Posted Oct 3, 2010 21:23 UTC (Sun) by filteredperception (guest, #5692)
Parent article: McGrath: Proposal for a new Fedora project

I tend to agree with the sceptical comments thus far. Perhaps mostly with the idea that such a directional vision is not such a great fit for fedora, but rather some secondary project which utilizes fedora as long as fedora is the right tech for its infrastructure.

What I would like to see in a similarly corporate distruptive vein, is the fruition of the decentralized cloud.

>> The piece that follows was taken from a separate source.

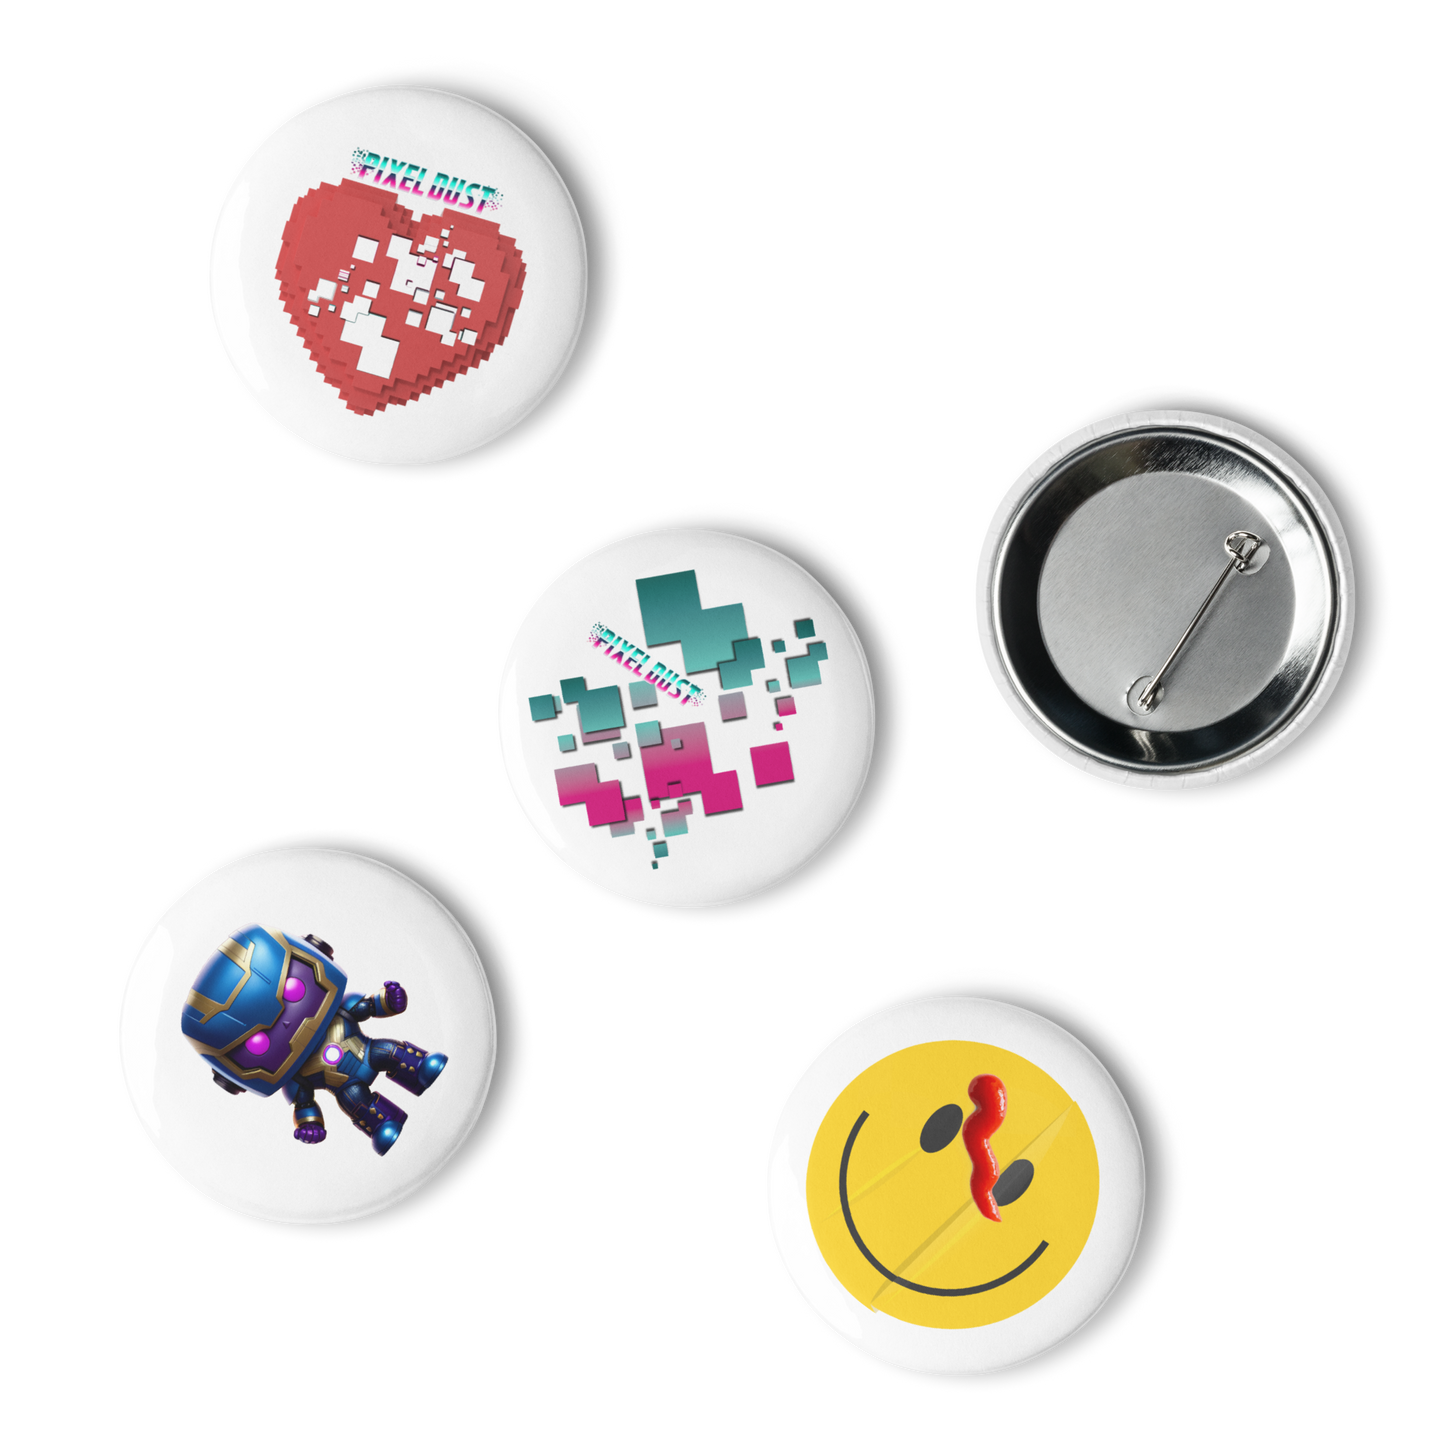 Limited Edition PixelDust Set of 5 pin buttons

It often seems to me that ipv4 and nat are the major blockades to a world where everyones desktops and other devices can act as a replacement for the current corporate provided 'cloud'. That, it seems to me, implemented well, would be how free software could really make an impact against the big $$ corporations that pose the most severe threat to a higher level of computing freedom in the future.

What it would take it seems to me, is perhaps lots of similar groups like the Diaspora project. On top of a foundation of presumably ipv6 where there is no blockade to all of our devices giving 1% of their resources to the decentralized cloud.

But again, this vision is also nothing new, just a different flavor of the koolaid. And again, something that would be a project/movement outside of fedora, utilizing fedora as long as fedora is the right tool for the job.

Really, I think it will be very interesting to see where CentOS-6 takes us. It seems that will be the validation or invalidation of what fedora has been for the last few years. I'm actually pretty optimistic on that front, and see C6 quite possibly providing a solid platform for many radically different, and all disruptive computing stacks.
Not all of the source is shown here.